Um Sonho Dentro de um Sonho
Edgar Allan Poe
Receba meu beijo sobre a fronte!
E, em apartando-nos doravante,
Permiti-me que te conte -
Não te enganaste, ao ter suposto
Que minha vida tem sido um sonho;
‘Inda que a esperança quede extinta,
Pela noite ou pelo dia,
Numa visão, ou em nada ainda,
Estaria assim menos perdida?
Tudo o que vemos ou supomos,
Será apenas um sonho dentro de um sonho.
Me encontro em rumorosa
Praia bravia e tormentosa,
Tendo eu a mancheia,
De dourados grãos de areia -
Quão poucos! E tão céleres, contudo
Por dentre os dedos vão-se ao fundo,
E eu soluço! - E eu soluço!
Oh Deus! Não lhes poderia eu reter
A custa de mais forte os prender?
Oh Deus!
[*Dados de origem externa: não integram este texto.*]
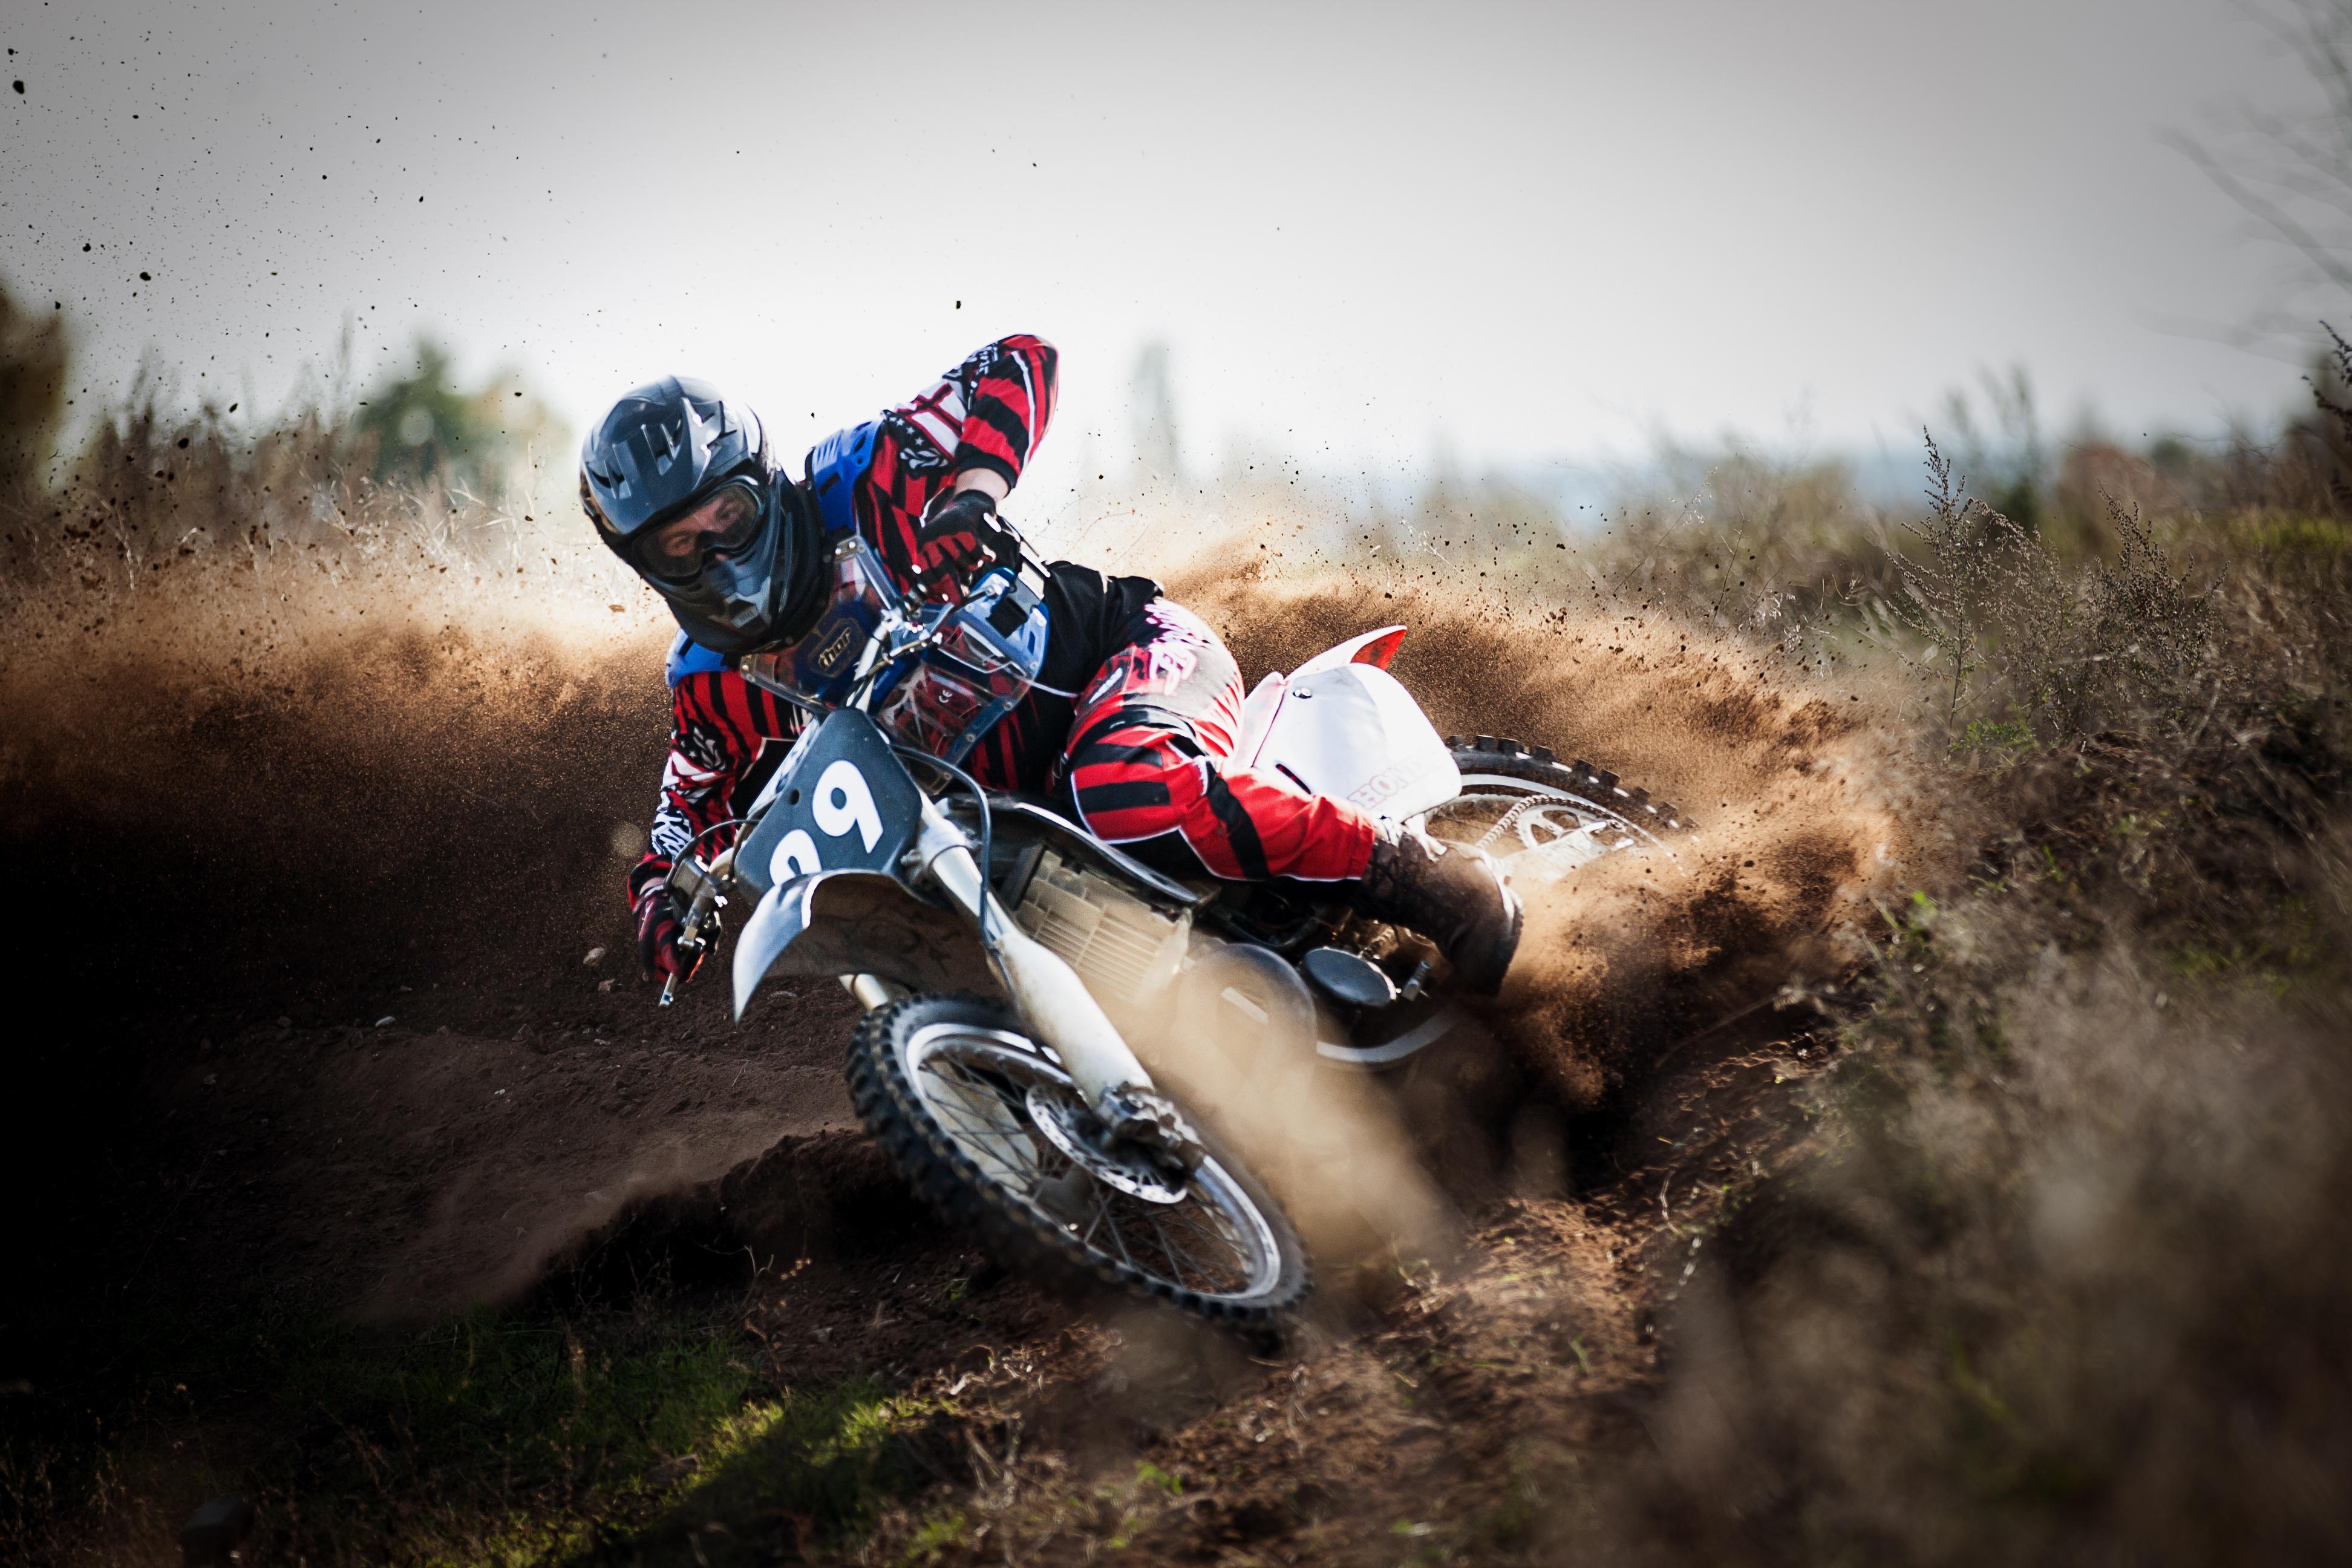 Moto-cross 4k Ultra Fond d'écran HD   Arrière-Plan   3888x2592   ID:806031 - Wallpaper Abyss

Não há um só que eu possa
Livrar da onda impiedosa?
Será tudo o que vemos ou supomos
Senão um sonho dentro de um sonho?
Os Horrores do Sono
Emily Brönte
O sono alegria não me traz,
Recordação a nunca terminar,
Em mistério minha alma se desfaz
E vive a suspirar.
O sono descanso não me traz;
Dos extintos possa a sombra,
Meus olhos despertos não ver jamais,
Rodeando minha cama.
O sono esperança não me traz,
As profundezas do sono os vai evocar,
E sua triste imagem faz,
Aumentar meu pesar.
O sono vigor não me traz,
Para lutar, nenhuma força nova,
Apenas singro em revolto mar,
Uma vaga inda mais trevosa.
O sono amizade não me traz,
Que traga ajuda e anelo,
Com que desprezo me vêm eles mirar,
E eu desespero.
No sono desejo não há,
Em que meu dorido coração folgue,
Tudo em mim quer se olvidar,
No sono eterno da morte.
Litania a Satã
Charles Baudelaire
Oh, primogênito entre os Anjos e deles o mais sábio,
Oh, caído Deus, dos céus pelo destino derribado,
Satã, enfim, apiedai-vos de nossa dor.
Oh, primeiro dos exilados vitimados pela intriga,
A quem, porém, tem o ódio tornado mais forte ainda,
Satã, enfim, apiedai-vos de nossa dor.
Oh, Rei subterrâneo, onisciente,
Pacificador do homem, eterno descontente,
Satã, enfim, apiedai-vos de nossa dor.
Aos leprosos e excomungados tendes mostrado,
Que Paixão é o Paraíso lá embaixo,
Satã, enfim, apiedai-vos de nossa dor.
Por vossa senhora, a Morte, nos é garantida,
A Esperança, imperecível concubina,
Satã, enfim, apiedai-vos de nossa dor.
Tendes dado aos Culpados a face tranqüila,
Que amaldiçoa a ralé que cerca a guilhotina,
Satã, enfim, apiedai-vos de nossa dor.
Conhecidas vos são as entranhas da Terra zelosa,
Onde Deus escondeu gemas deveras preciosas,
Satã, enfim, apiedai-vos de nossa dor.
Vossa é a mão que se estende salvadora,
Àquele que, em seu sono, pelos telhados perambula,
Satã, enfim, apiedai-vos de nossa dor.
Pelo poder vosso o Ébrio de titubeantes pés,
Cruza as tumultuadas ruas sem qualquer revés,
Satã, enfim, apiedai-vos de nossa dor.
Para consolo de nossa fraqueza nos destes o uso,
Arguto e eficiente da pólvora e do chumbo,
Satã, enfim, apiedai-vos de nossa dor.
Vosso terrível nome como em piche está escrito,
Na implacável fronte dos homens ricos,
Satã, enfim, apiedai-vos de nossa dor.
Levam vossos passos a secretas vizinhanças obscuras,
Onde mulheres, por amor, imploram pela tortura,
Satã, enfim, apiedai-vos de nossa dor.
Pai daqueles a quem Deus, com furor tempestuoso,
Lançou fora do Paraíso com espada e fogo,
Satã, enfim, apiedai-vos de nossa dor.